僕たちが食事に出ようとしたとき、再び明日香さんの携帯電話が鳴った。
「あら? また、鞘師警部からだわ」
また、鞘師警部から? 何か、言い忘れていたのだろうか? それとも、この短時間の間に、何か分かったのだろうか? まさか、昼食の誘いっていうわけでもあるまいし(いや、誘われたら、もちろん行くけれど)。
「もしもし? 桜井です。鞘師警部、どうしました?」
「明日香ちゃん、たびたび悪いね」
僕は再び、聞き耳を立てた。
「いえ。何か、分かったんでしょうか?」
「ああ。さっき電話を切ったあとすぐに、佐藤から連絡があってね」
「佐藤さんからですか? 何か、分かったんですね?」
「ああ。
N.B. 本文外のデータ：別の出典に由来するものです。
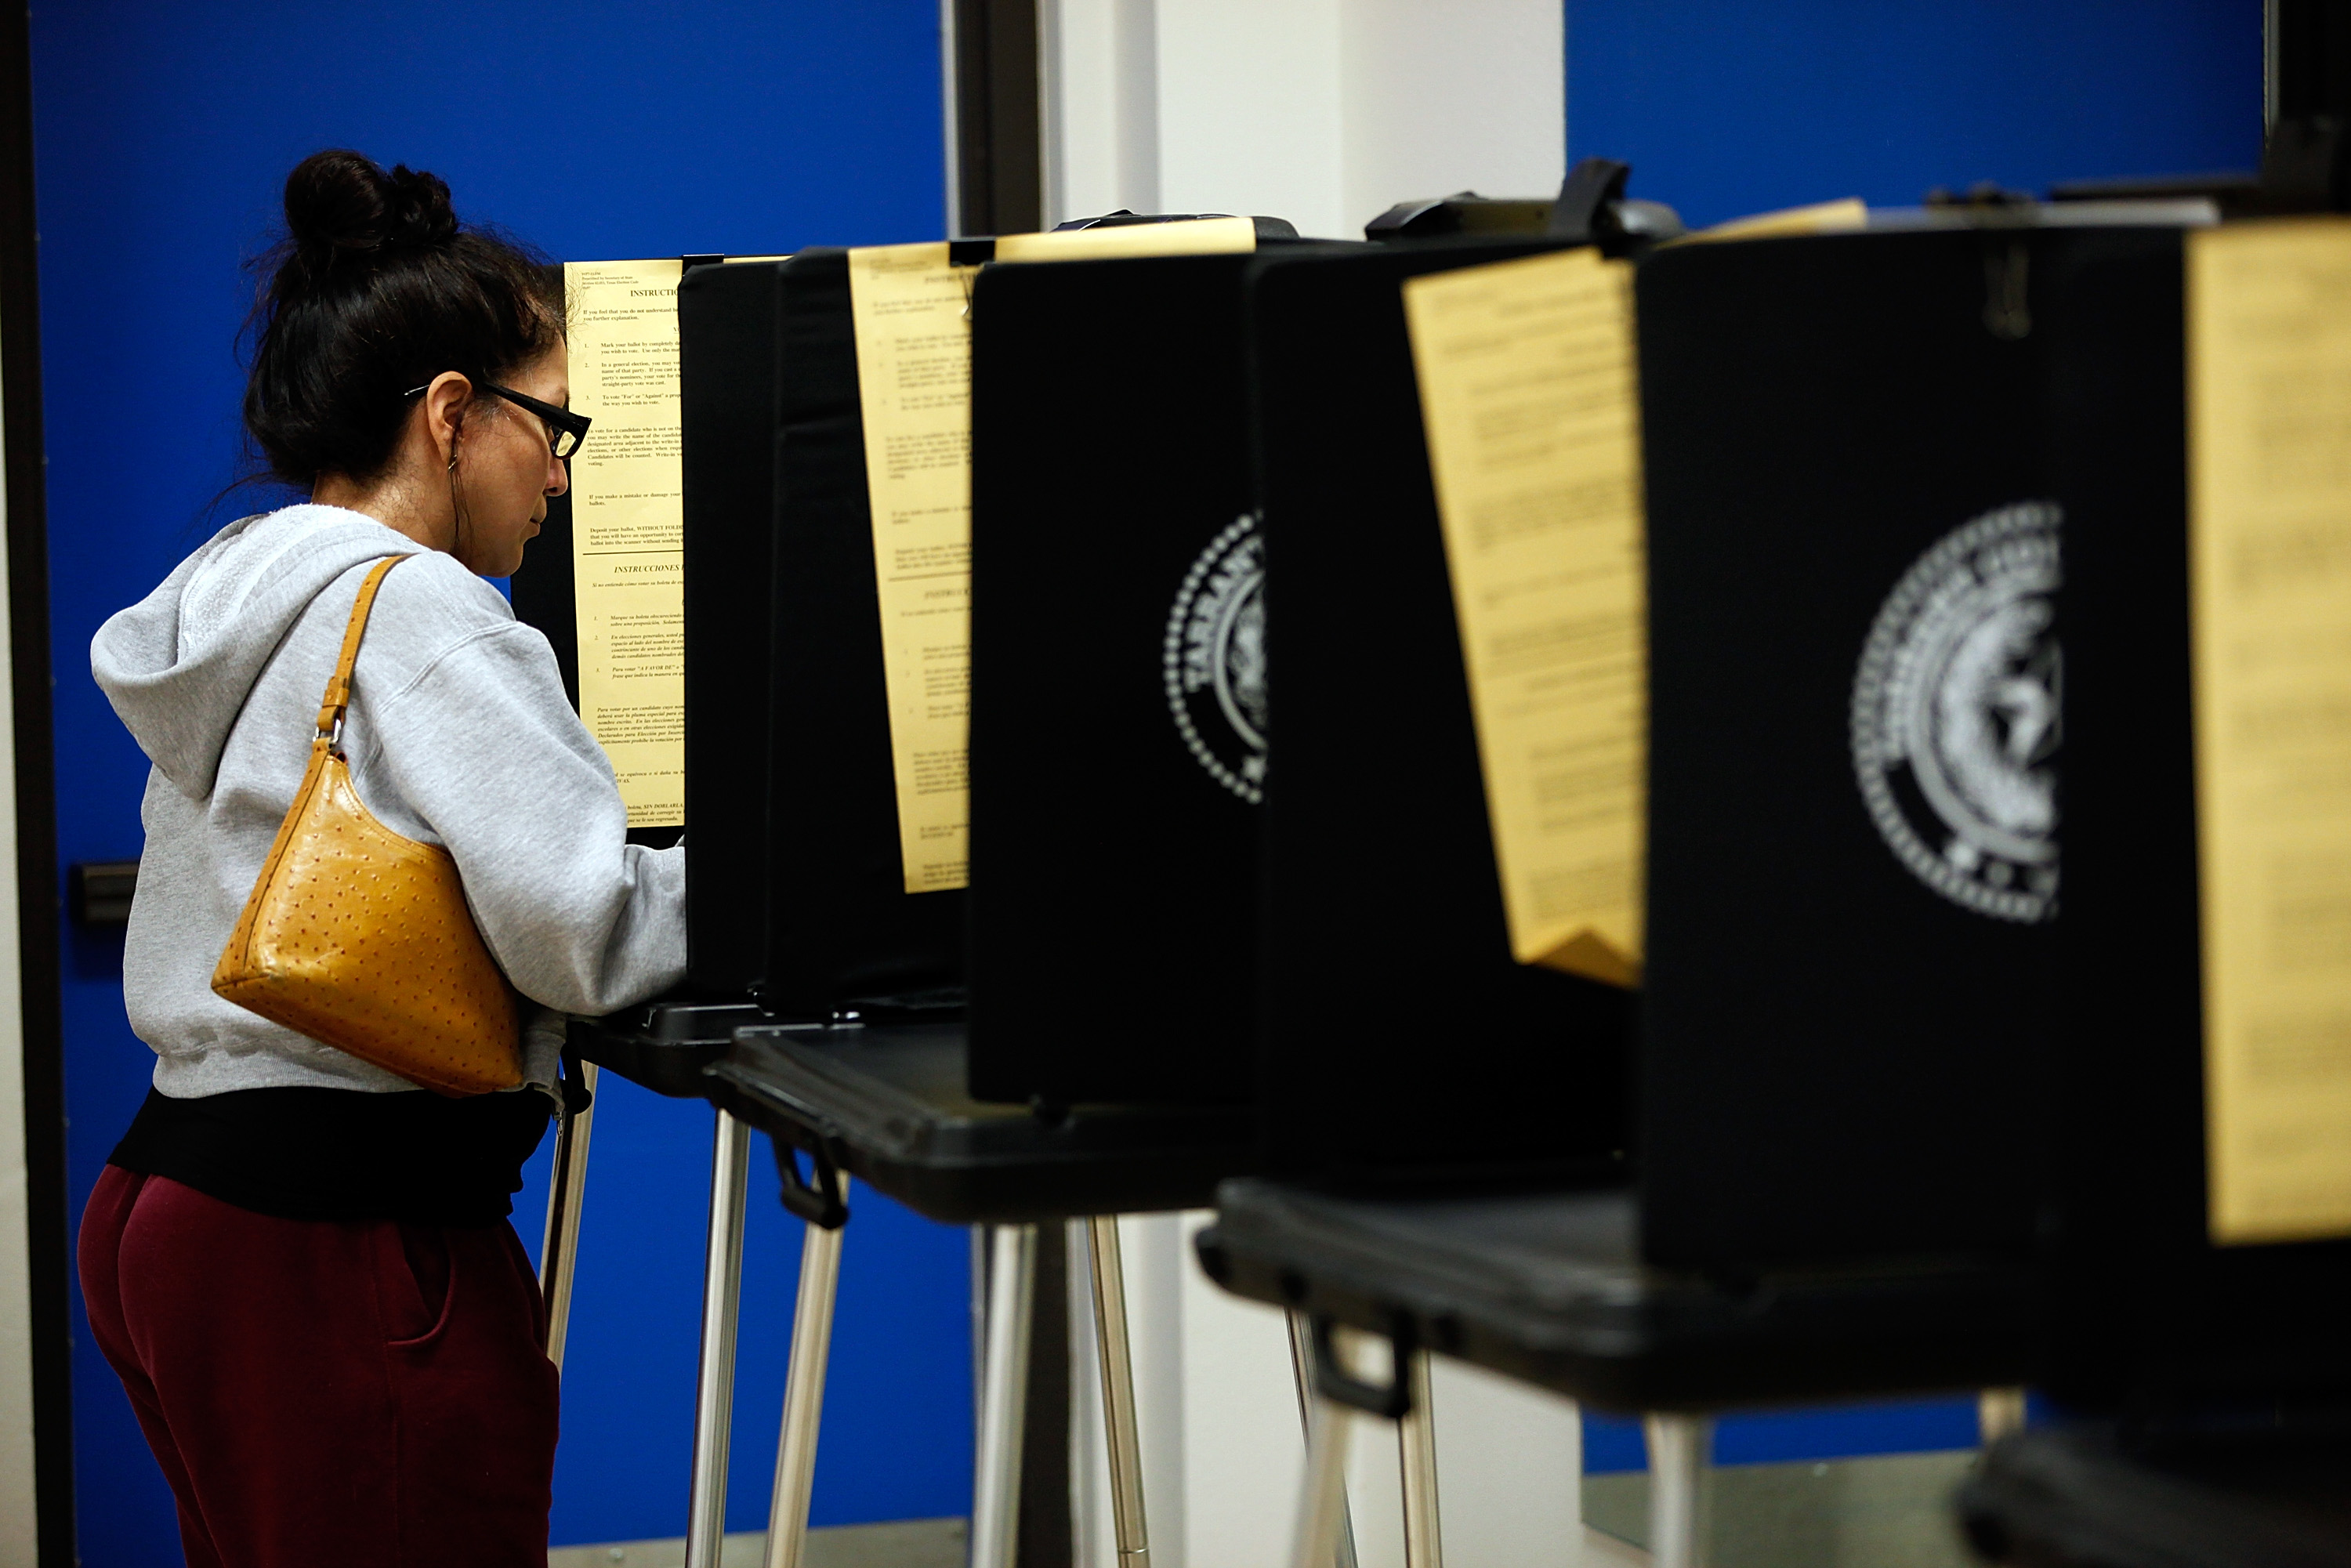 A voter completes her ballot on November 6, 2012 in Fort Worth, Texas. (Tom Pennington—Getty Images)
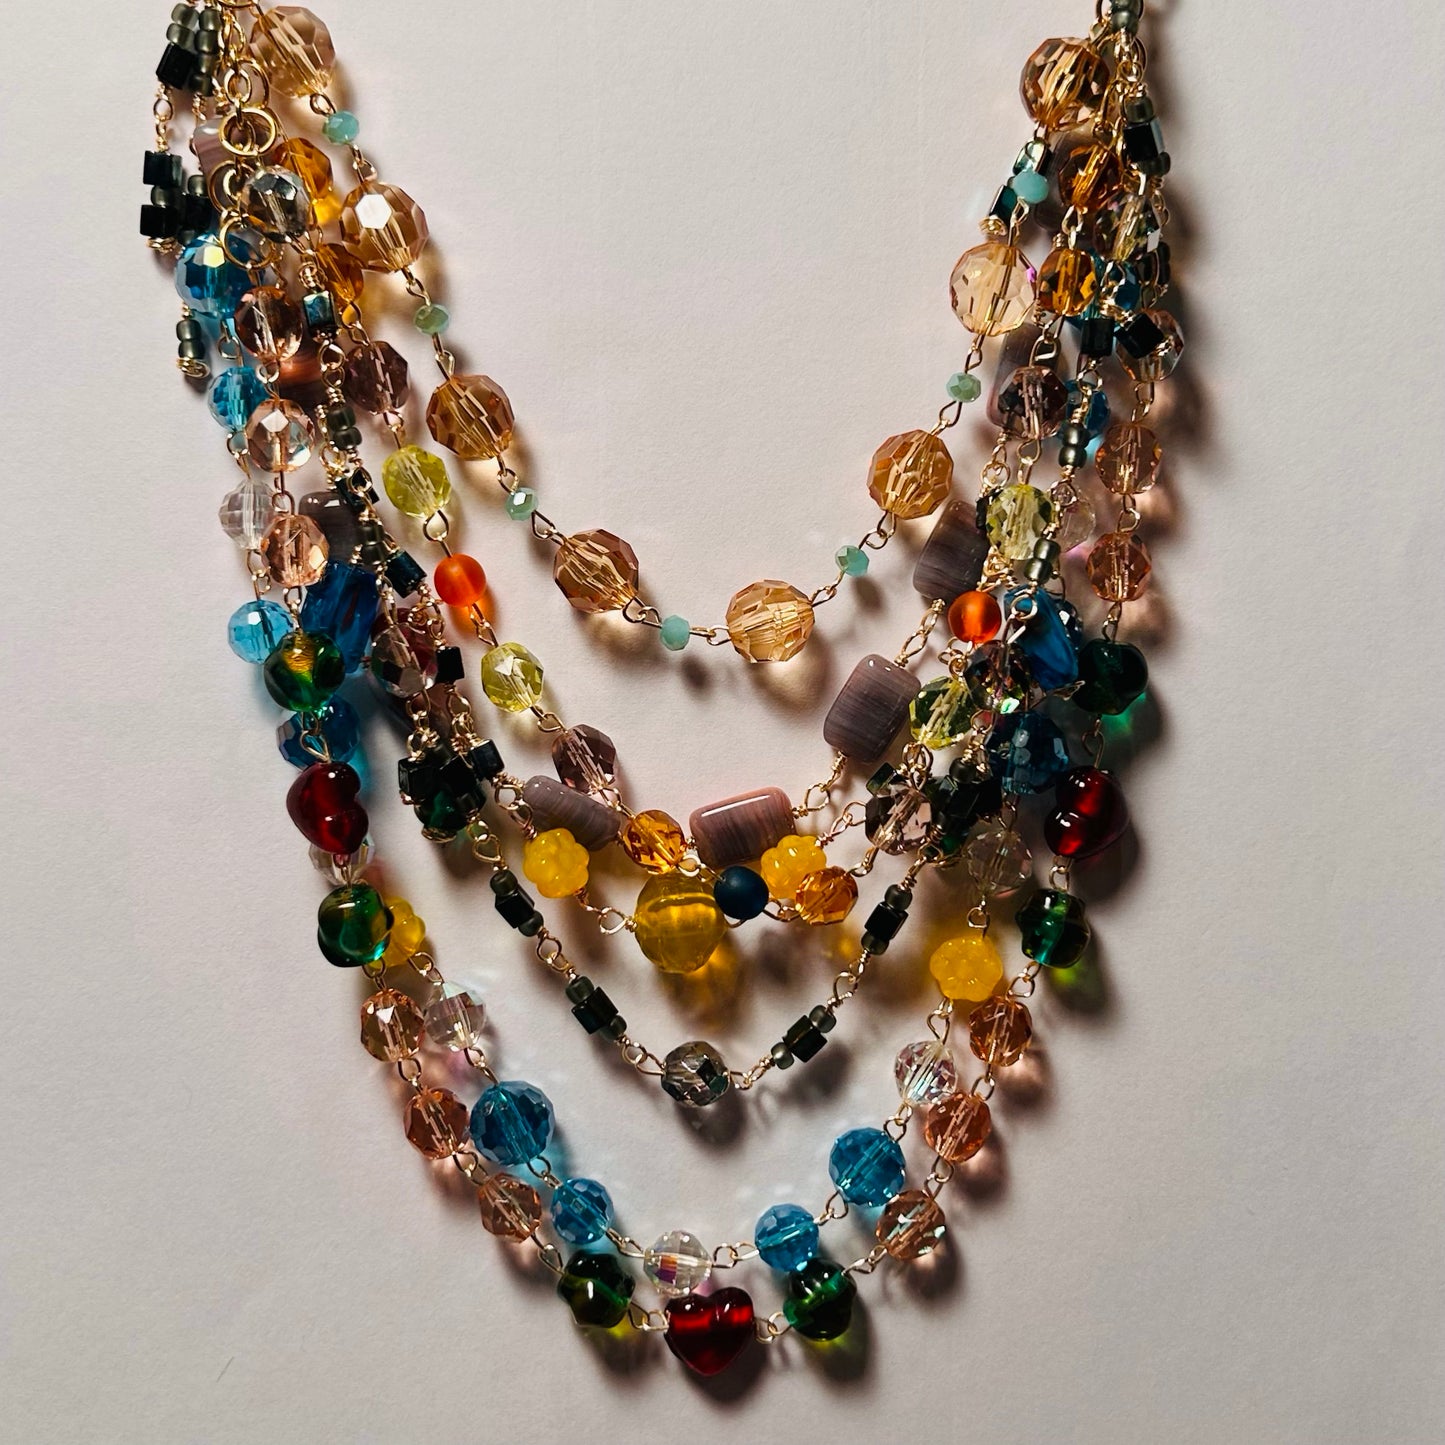 Treasure Chested, MultiStrand Beaded Chain Necklace

内藤正志さんが亡くなった頃に、坂口さんの会社に勤めていた、大谷さんの居場所が分かったんだ」
「それで、その大谷さんには、会ったんでしょうか?」
「いや。まだ、会っていない。これから、私が会いに行くことになったんだが、よかったら君たちも一緒に行かないかと思って、電話をしたんだ」
「私たちも、一緒に行っていいんですか?」
「ああ、もちろんだ。真田課長には、私の方から伝えておく。それとも、行かないのかい?」
僕は、明日香さんの手から携帯電話を奪い取ると、
「鞘師警部! 行きます! 絶対に行きます!」
と、叫んだ。
「明宏君。気合いが、入っているな。これから探偵事務所に向かうから、待っていてくれ」
「はい、分かりました。お待ちしています」
僕は電話を切って、明日香さんに返した。
「食事に行く時間が、なくなったわね。コンビニで、おにぎりでも買って食べちゃいましょう」
と、明日香さんが言った。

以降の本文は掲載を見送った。